JCI-JSC-WP-2019-03: Mobilising the Sustainable Development Goals Through Universities: Case Studies of Sustainable Campuses in Malaysia

Publication date: August 2019 | Length of paper: 19 pages | ISBN: 978-967-5492-16-7

The 2030 Agenda, as adopted by the United Nations General Assembly, paves the way forward for planet, people and prosperity—an Agenda that replaced the Millennium Development Goals with the Sustainable Development Goals (SDGs). The SDGs consist of 17 goals, 169 targets and 232 indicators. Essentially the goals exist to address sustainability holistically, covering all dimensions including economic, social, cultural and ecological aspects. The United Nations has identified Goal 4: Quality Education as one of the main drivers in achieving the Agenda.

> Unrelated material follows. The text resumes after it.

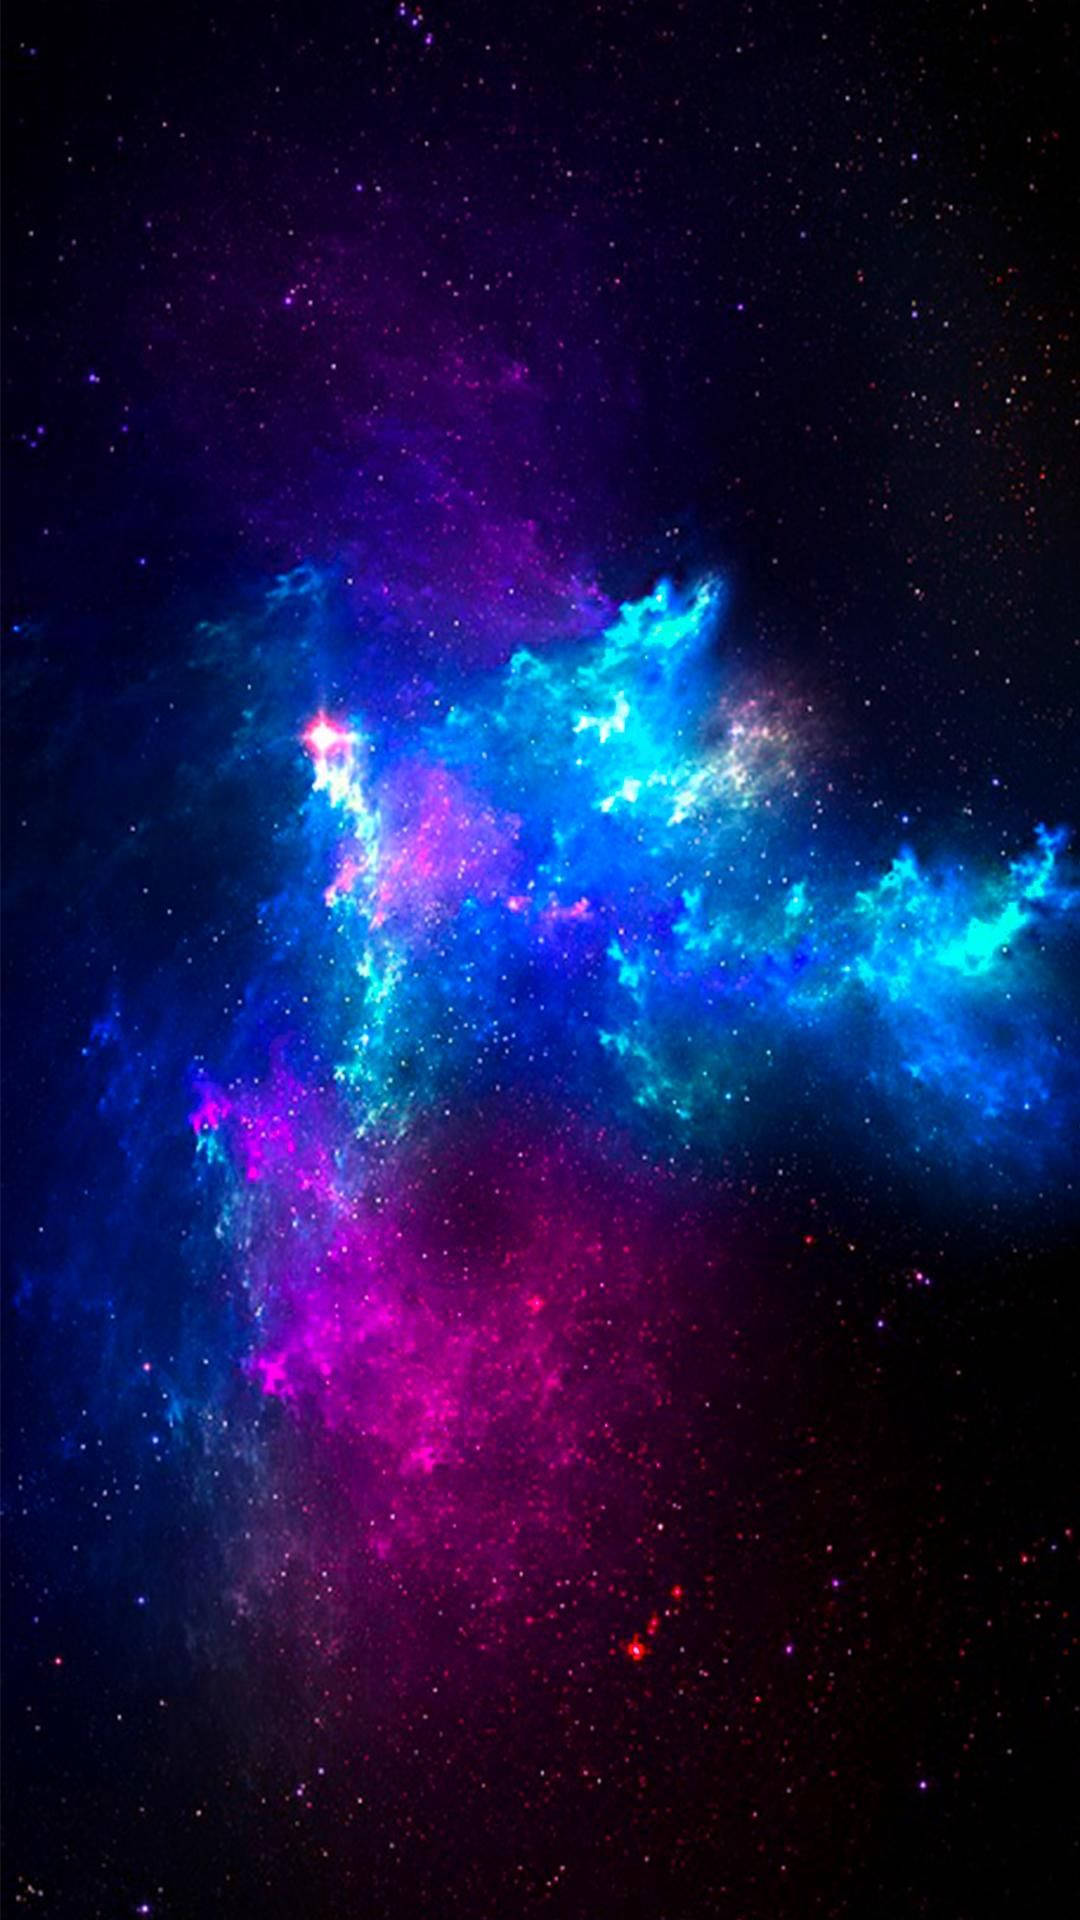 Neon Clouds In A Cute Galaxy Picture

This paper focuses specifically on Target 4.7: Education for sustainable development and global citizenship. Universities play a vital role in engaging youth and generating knowledge and expertise in understanding and implementing the SDGs. This paper explores the role of universities in ensuring the SDGs are met, as a mobilising catalyst for accelerated implementation, as well as case studies of sustainable campuses in Malaysia that showcase the community and student outreach projects, in line with the SDGs, such as the Bicycle Project at the University of Nottingham, Malaysia Campus, Kompos to Kelulut (K2K) at the Universiti Sains Malaysia and Sunway Youth for Sustainable Development at Sunway University. The case studies show that education goes beyond the formal curricula, emphasising on soft skills and critical thinking – a major component of and contributor towards proenvironmental behaviour. A set of recommendations are included to address limitations in the study.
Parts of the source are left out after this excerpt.